Flutterwave, which helps over a million businesses, mostly small and medium-sized businesses, process payments in 150 different currencies, has its infrastructure in 34 countries across the continent and has processed over 200 million transactions worth over $16 billion.

Unlike traditional companies, investors are not focused on the profitability of Fintechs at the moment, but rather on the growing penetration of the platforms.

It is exciting that the telecom giants are not ignoring the frenzy and are indeed ready to seize the opportunity, with MTN and Airtel taking bold steps to secure CBN’s payment services banking licenses, in hopes of provide end-to-end financial services. services to the many customers who already trust their networks.

However, Ernest and Youngin collaboration with the Fintech Association of Nigeriarecently observed in their nascent landscape report, that the nascent success of the Nigerian fintech market could be undermined by four key themes: talent, capital, demand and regulation.

With industry fragmentation, many fintechs are struggling to hire the right talent, slowing the innovation and execution power of many fintechs over the past two years, especially as the increasing migration of professionals continues to exhaust the skills available in the local market. .

Of course, one of the factors that has spurred the growth of Fintech is the sector’s ability to attract capital, especially foreign capital from Angel Investors and Venture Capitalists, including YCombinator, which has not only provided capital support to a number of Nigerian fintechs but also trained them through its incubation program.

With inflation and interest rates rising in developed markets, there are fears that capital flows may come to a halt for some time. While local institutions such as Assets and Resources Management (ARM) through its MRA Lab offer $120,000 to qualified Fintechs, this may not be enough to sustain the euphoria and pace of growth in the Fintech ecosystem.

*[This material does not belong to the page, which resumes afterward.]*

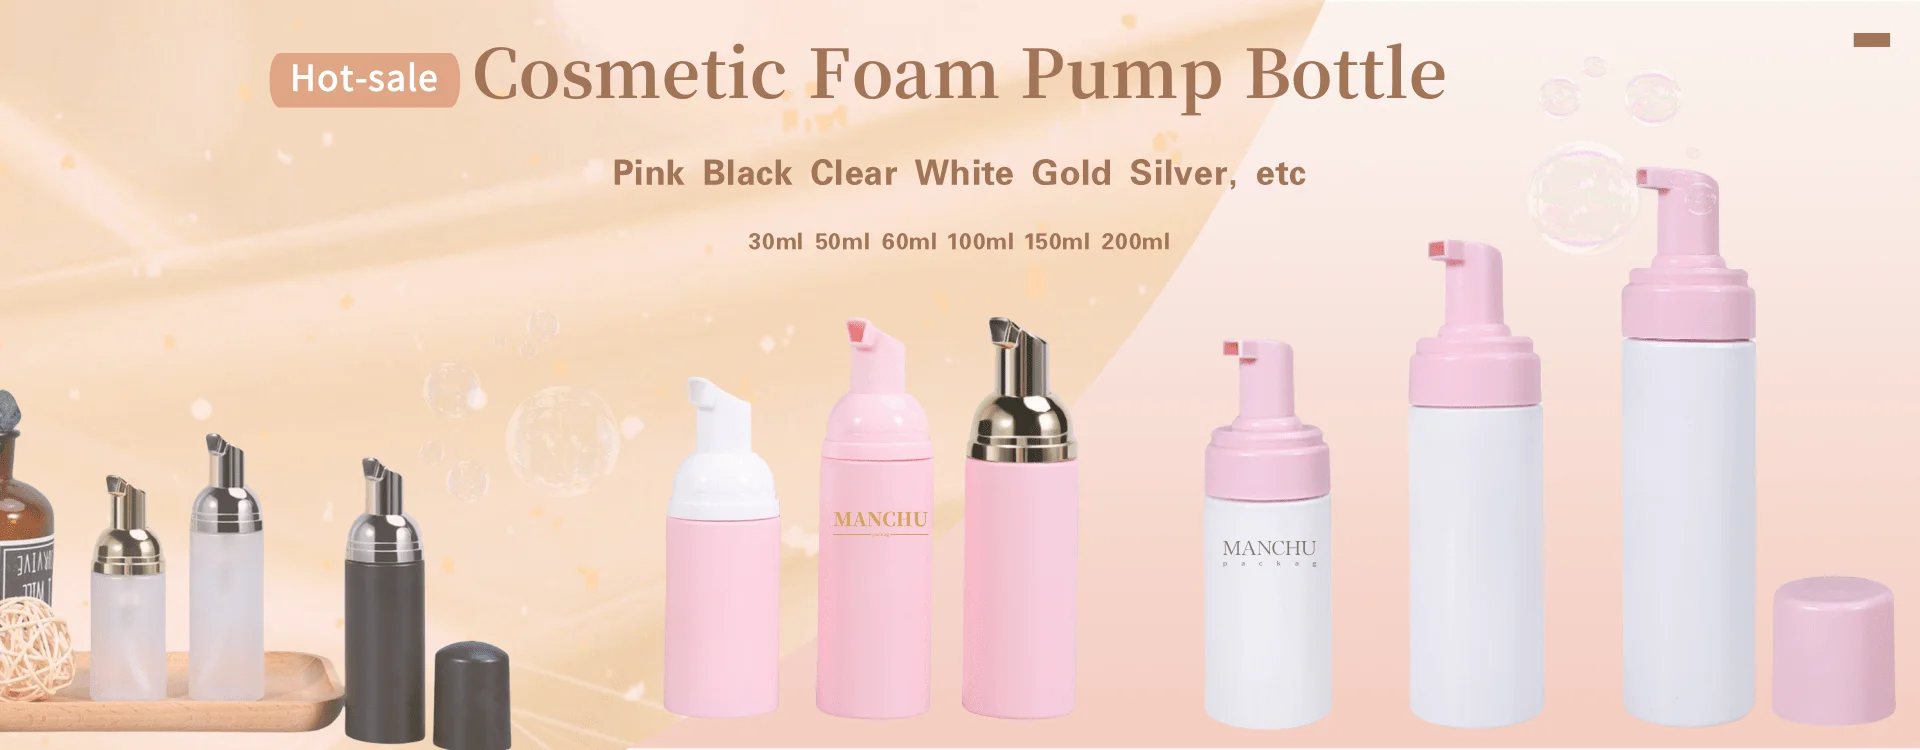 Foam pump bottle

Likewise, with the failure of some so-called fintechs lately, regulators, especially the CBN and the SECONDcould reconsider their relatively docile position, raising fears that Fintechs could become dinosaurs and perhaps less efficient once subject to the same or similar regulations as traditional players.

Like a zero-sum game, while Fintechs attract capital, traditional financial services companies lose it, including the big banks listed on the Nigerian stock exchange, which are poorly valued.

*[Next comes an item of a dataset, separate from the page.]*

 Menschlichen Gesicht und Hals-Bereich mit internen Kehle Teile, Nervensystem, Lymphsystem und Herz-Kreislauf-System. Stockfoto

While O’Pay, whose business volume is still lower than Firstmonie (FirstBank’s network of banking agents) is valued at $1 billionall FirstBank Holdings Plcwhich includes its commercial and investment banking activities in Nigeria and offshore, was valued at less than half a billion dollars.

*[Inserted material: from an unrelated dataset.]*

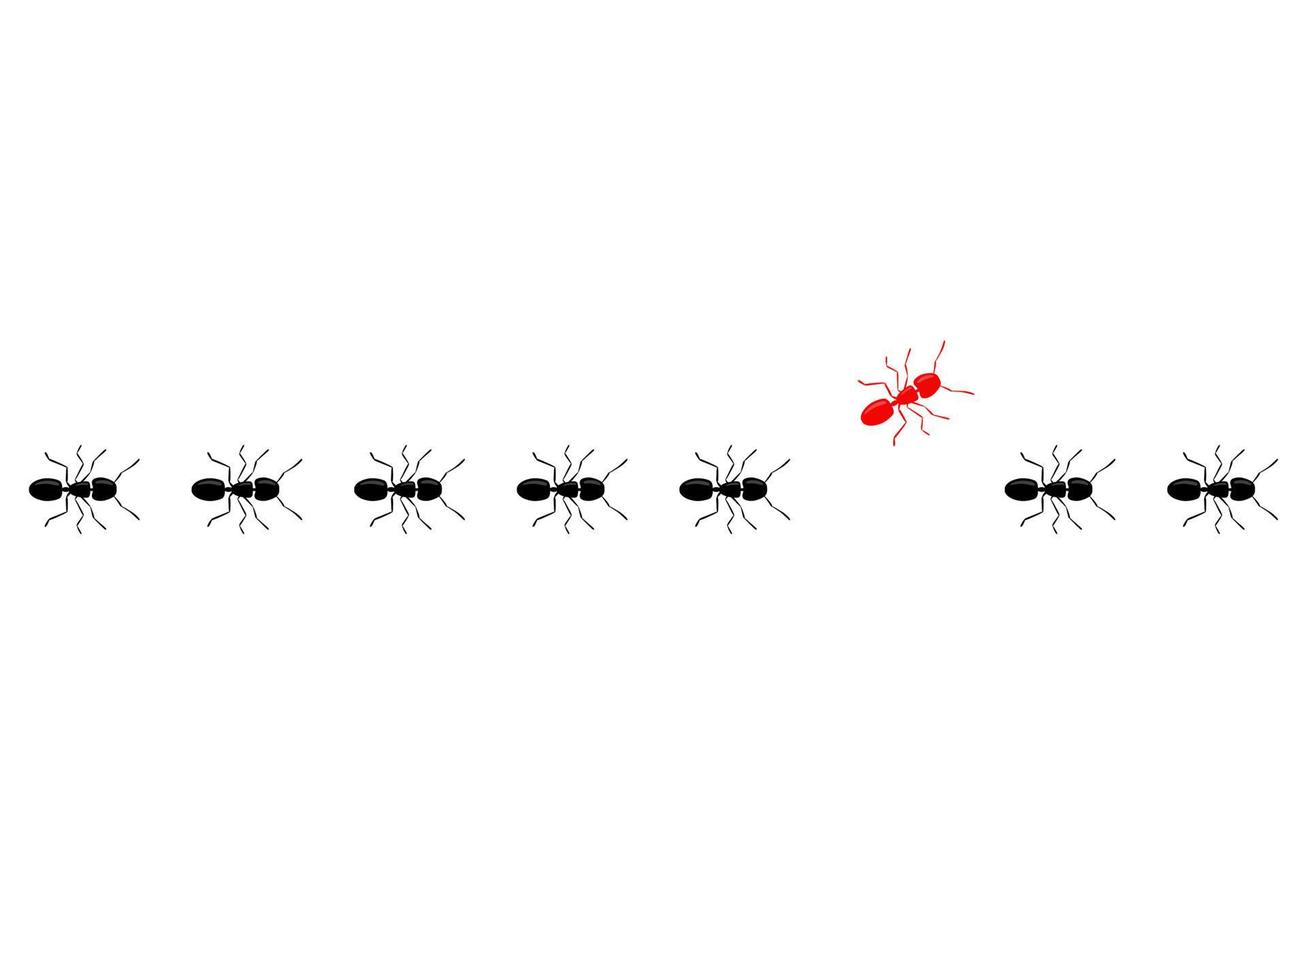 Ameisenspur. anders denken konzept. Rote Ameise geht einen anderen Weg als schwarze Ameisen. vektor

As fast-growing, profitable consumer goods companies crave capital for growth, fintechs are attracting more than ever imagined, a momentum that reinforces the prospect of Nigeria as an attractive investment destination.

With foreign direct investment at historically low levels, it may be useful for the government to seek a new approach to attracting foreign capital, in the hope that the energy and innovation of youth harnessed in the Fintech space can be channeled into the real sectors of the economy, where capital is needed above all to boost productivity and create jobs for young people.

FinTech Association of Nigeria and EY Nigeria.